§ SOURCE MATERIAL
• • •

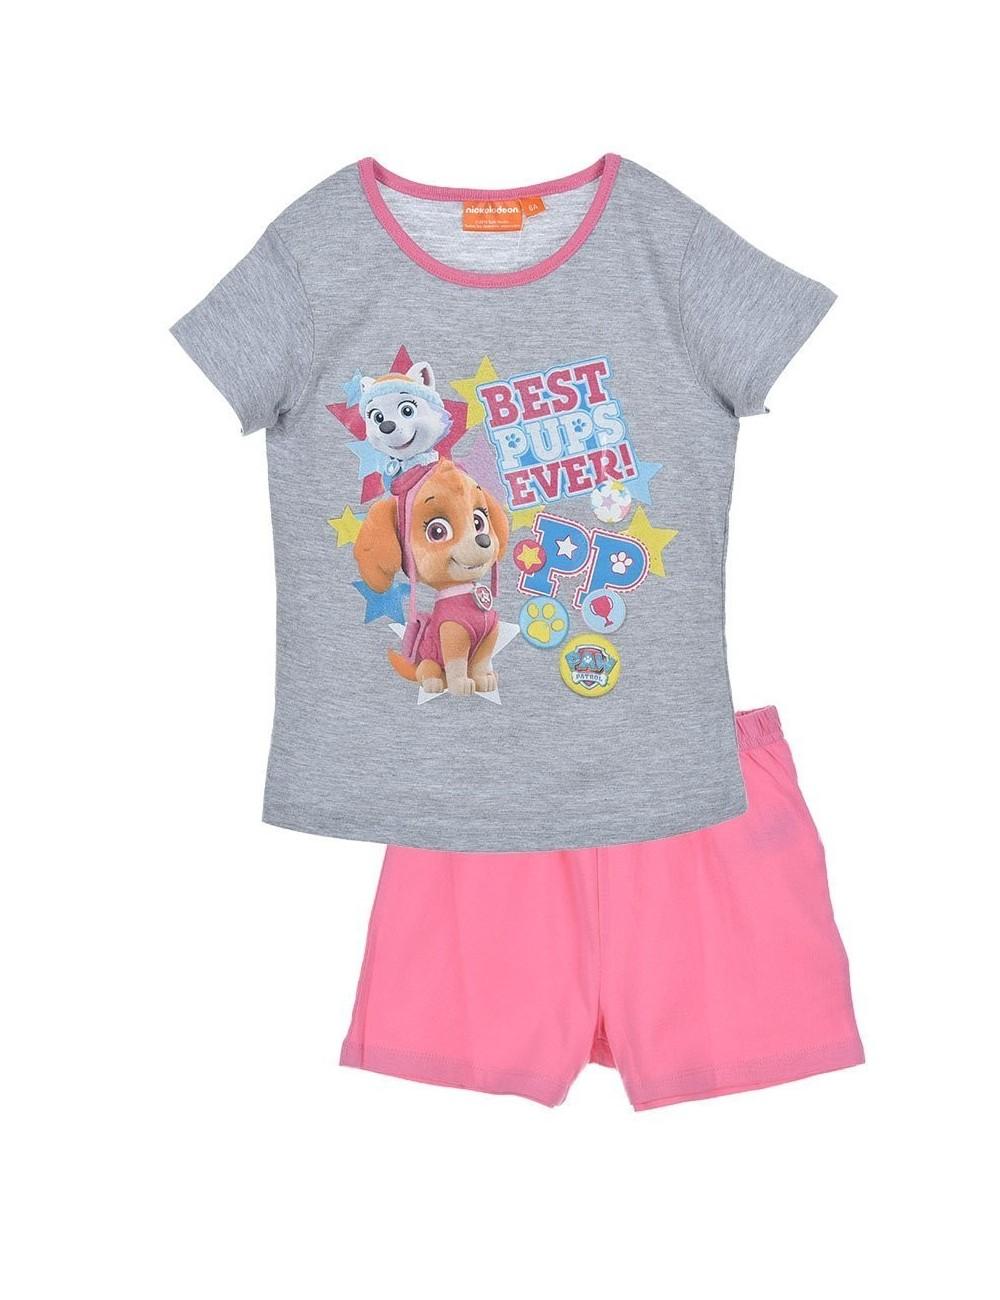 previzualizare a comercializează oferta specifica Pijama vara 3-6 ani, Paw Patrol, gri-roz
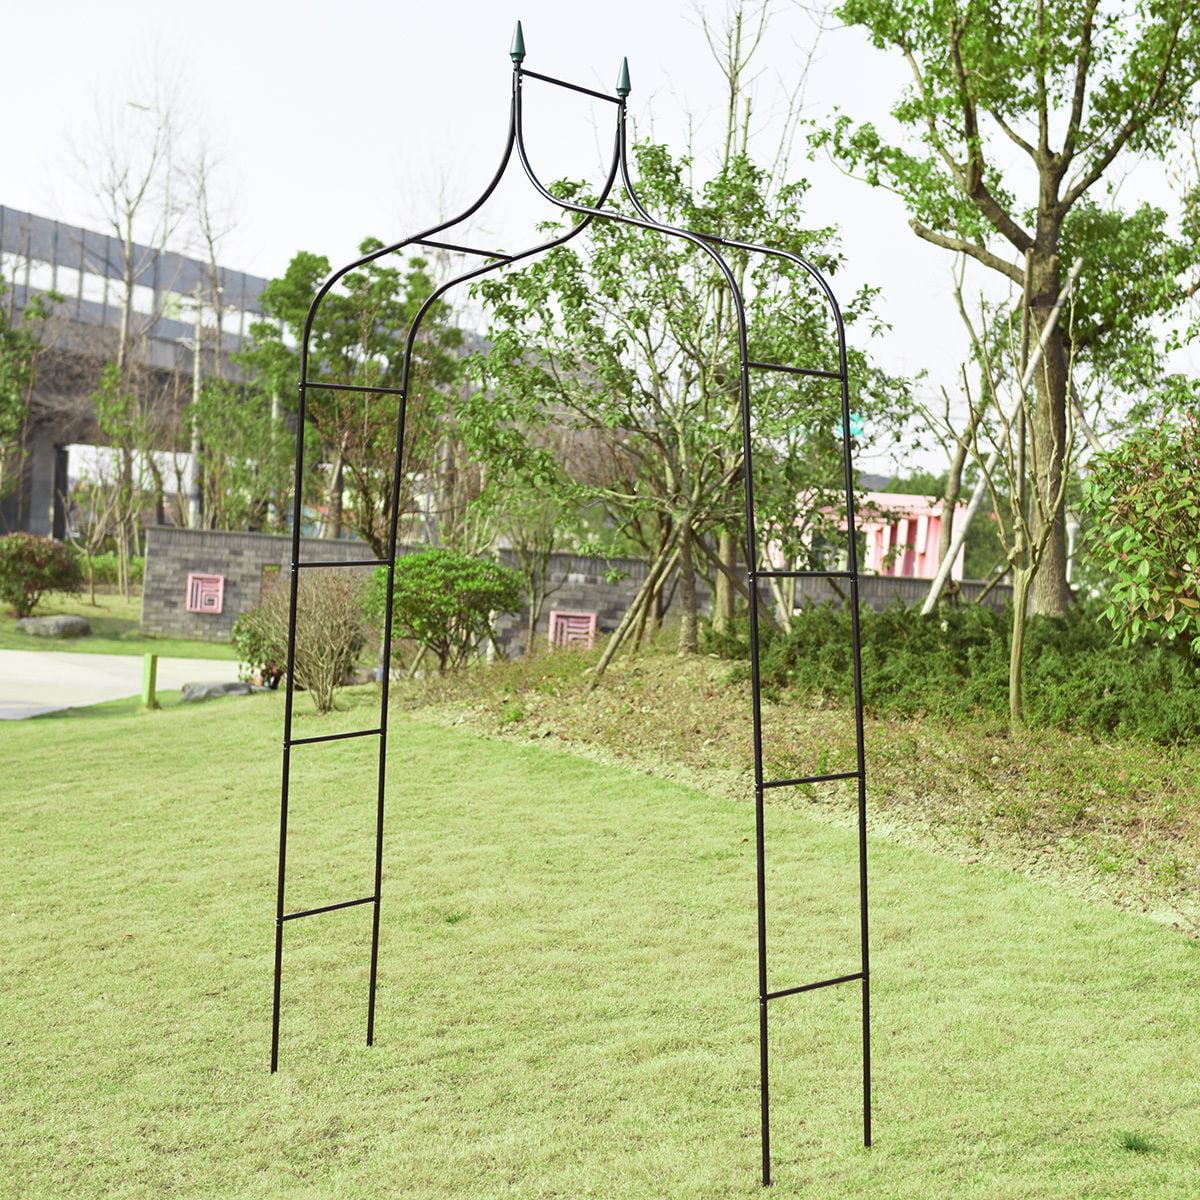 Costway 8'4'' High x 4'7'' Wide Steel Garden Arch Rose Arbor Climbing Plant Outdoor Garden by Costway
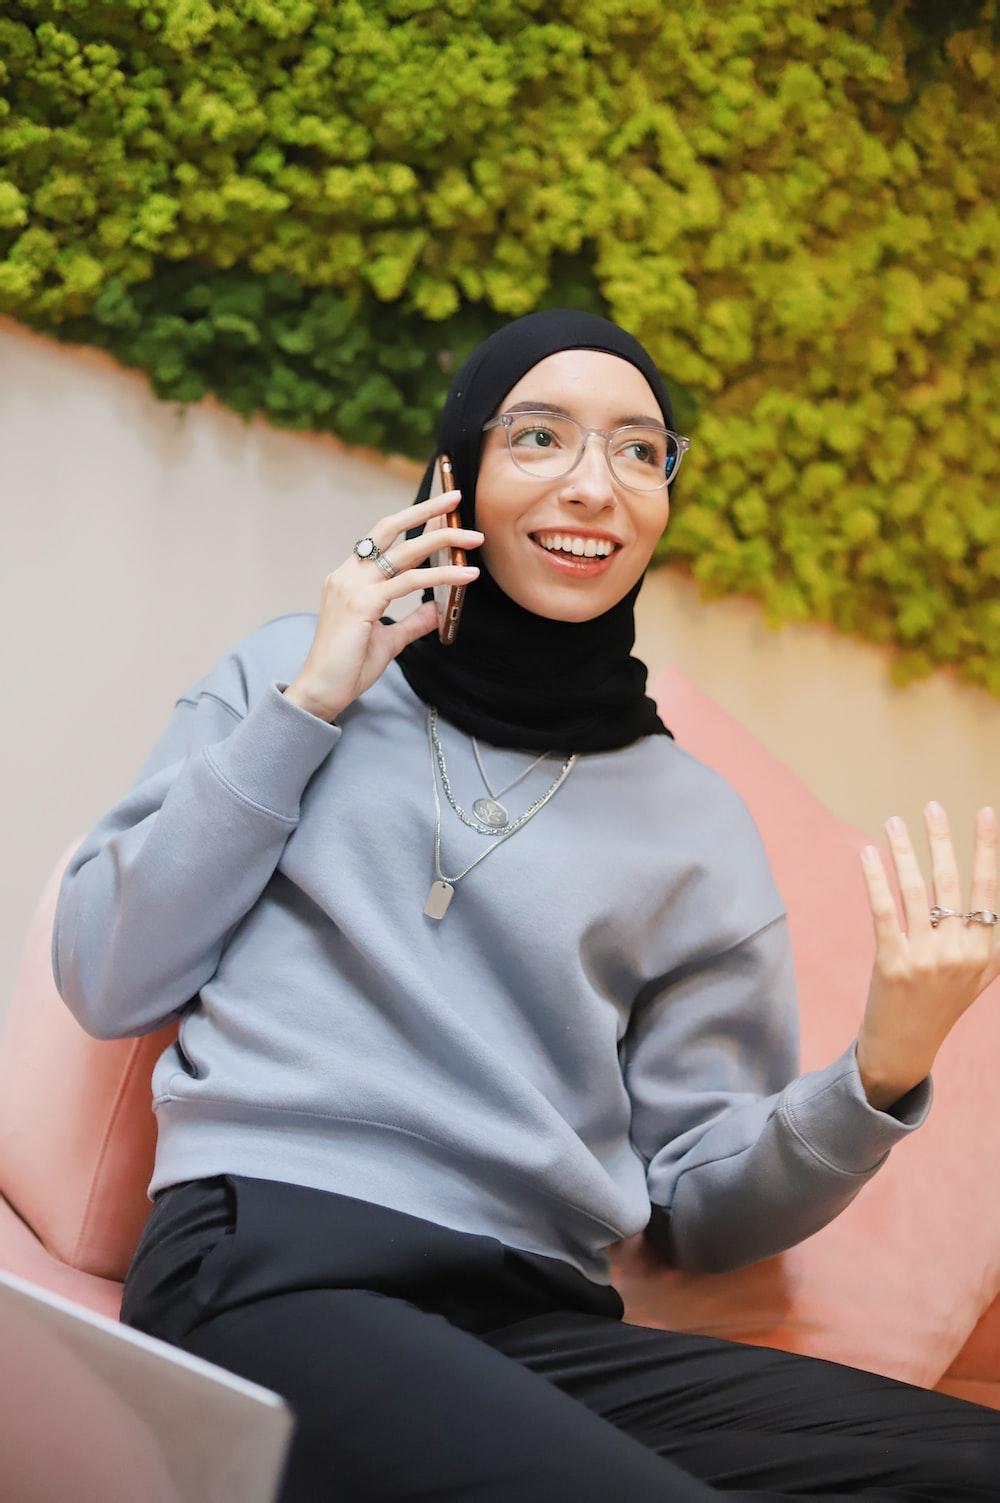 woman in gray sweater and black hijab

• • •

§ AIM OF THE TASK
The result should be the full material above, word for word, with its pictures omitted.

§ TASK RESULT
 previzualizare a comercializează oferta specifica Pijama vara 3-6 ani, Paw Patrol, gri-roz
 Costway 8'4'' High x 4'7'' Wide Steel Garden Arch Rose Arbor Climbing Plant Outdoor Garden by Costway
 woman in gray sweater and black hijab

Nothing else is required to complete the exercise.